The Fourth Lateran Council ranks among the most important ecumenical councils in the history of Christianity. In 1213 Pope Innocent III called on the religious and secular leaders of Christendom to meet at the Lateran complex in Rome in November 1215. The main aims of the council were the reform of the church and the recovery of the Holy Land. More than 400 bishops, archbishops, patriarchs, and cardinals attended the council, as well as a multitude of representatives of cathedral chapters and monasteries. Most of the major secular governments of Christendom were represented, including those of the cities of northern Italy.

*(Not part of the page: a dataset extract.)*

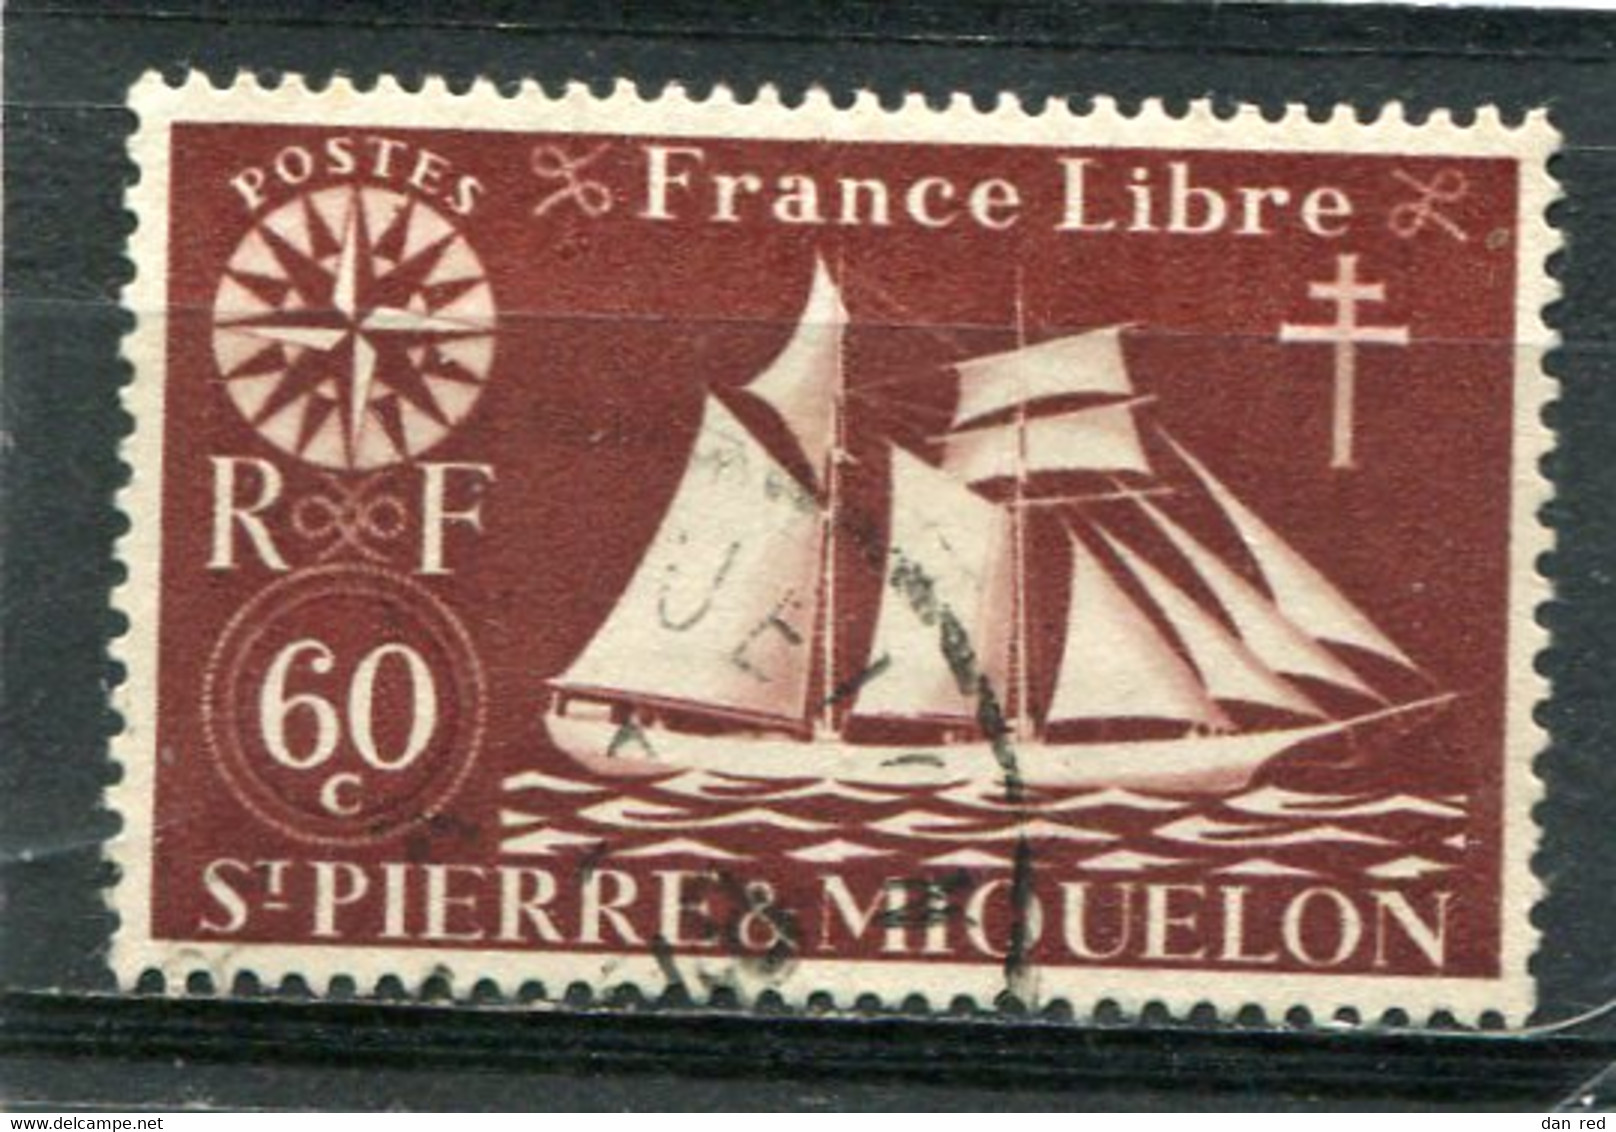 SAINT-PIERRE ET MIQUELON N° 301 (Y&T) (Oblitéré) - Used Stamps

Among its political decisions, the council approved the candidacy of Frederick (II), king of Sicily, as Holy Roman Emperor and awarded most of the lands of Count Raymond VI of Toulouse to Simon of Montfort, leader of the Albigensian Crusade (1209-1229). It approved seventy constitutions, the first of which was a creed of the Christian faith that explicitly countered the doctrines of the major heresies of the day. The remaining constitutions can be grouped roughly under six headings: heretics and Jews, organizational and judicial reforms, marriage law, clerical appointments and support, reforms of the clergy, and reforms of the laity. Notable among these provisions were requirements that Jews were to wear distinctive clothing, provincial councils of bishops were to meet triennially to consider necessary reforms (with a similar requirement for monastic orders), and all Christians were to confess their sins annually and receive the Eucharist at Easter. The council also forbade clergy from participating in trials by ordeal, thereby hastening the end of that form of judicial procedure. Finally, it approved Innocent’s letter setting forth detailed plans for the Fifth Crusade (1217-1221), which the pope had first announced in 1213.
It is difficult to determine how effective the council’s actions were. Many of the directives were widely neglected, and there were considerable variations in time and place. It does seem likely that some of the constitutions had enduring influence, as is evidenced by the widespread practice among modern Catholics of observing the “Easter duty.”